Hypercoagulability in response to elevated body temperature and central hypovolemia

Martin A S Meyer, Sisse R. Ostrowski, Anders Overgaard, Matthew S. Ganio, Niels H. Secher, Craig G. Crandall, Pär I. Johansson

Research output: Contribution to journalArticle

15 Citations (Scopus)

Abstract

Background: Coagulation abnormalities contribute to poor outcomes in critically ill patients. In trauma patients exposed to a hot environment, a systemic inflammatory response syndrome, elevated body temperature, and reduced central blood volume occur in parallel with changes in hemostasis and endothelial damage. The objective of this study was to evaluate whether experimentally elevated body temperature and reduced central blood volume (CBV) per se affects hemostasis and endothelial activation. Methods: Eleven healthy volunteers were subjected to heat stress, sufficient to elevate core temperature, and progressive reductions in CBV by lower body negative pressure (LBNP).
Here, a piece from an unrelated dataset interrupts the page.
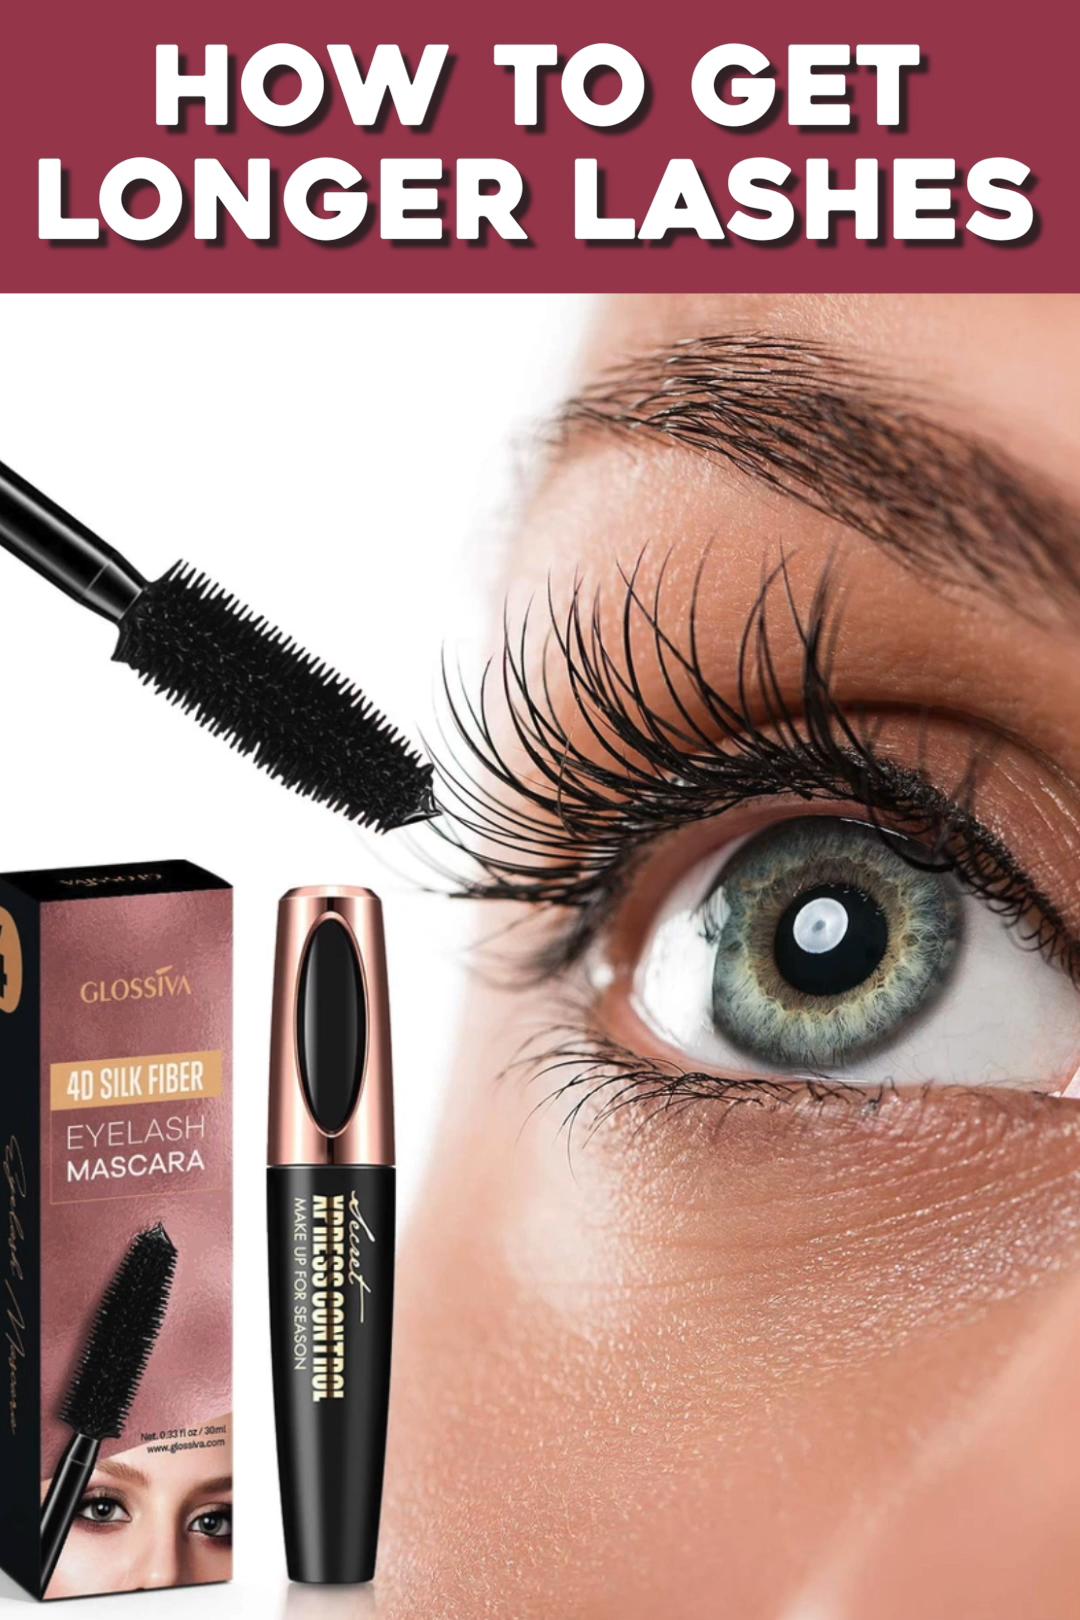 Photo of Silk Fiber Eyelash Mascara

Changes in hemostasis were evaluated by whole blood haemostatic assays, standard hematologic tests and by plasma biomarkers of coagulation and endothelial activation/disruption. Results: Elevated body temperature and decreased CBV resulted in coagulation activation evidenced by shortened activated partial tromboplastin time (-9% [IQR-7;-4]), thrombelastography: reduced reaction time (-15% [-24;-4]) and increased maximum amplitude (4% (2; 6)), all P < 0.05. Increased fibrinolysis was documented by elevation of D-dimer (+53% (12; 59), P = 0.016). Plasma adrenaline and noradrenaline increased 198% (83; 346) and 234% (174; 363) respectively (P = 0.006 and P = 0.003). Conclusions: This experiment revealed emerging hypercoagulability in response to elevated body temperature and decreased CBV, whereas no effect on the endothelium was observed. We hypothesize that elevated body temperature and reduced CBV contributes to hypercoagulability, possibly due to moderate sympathetic activation, in critically ill patients and speculate that normalization of body temperature and CBV may attenuate this hypercoagulable response.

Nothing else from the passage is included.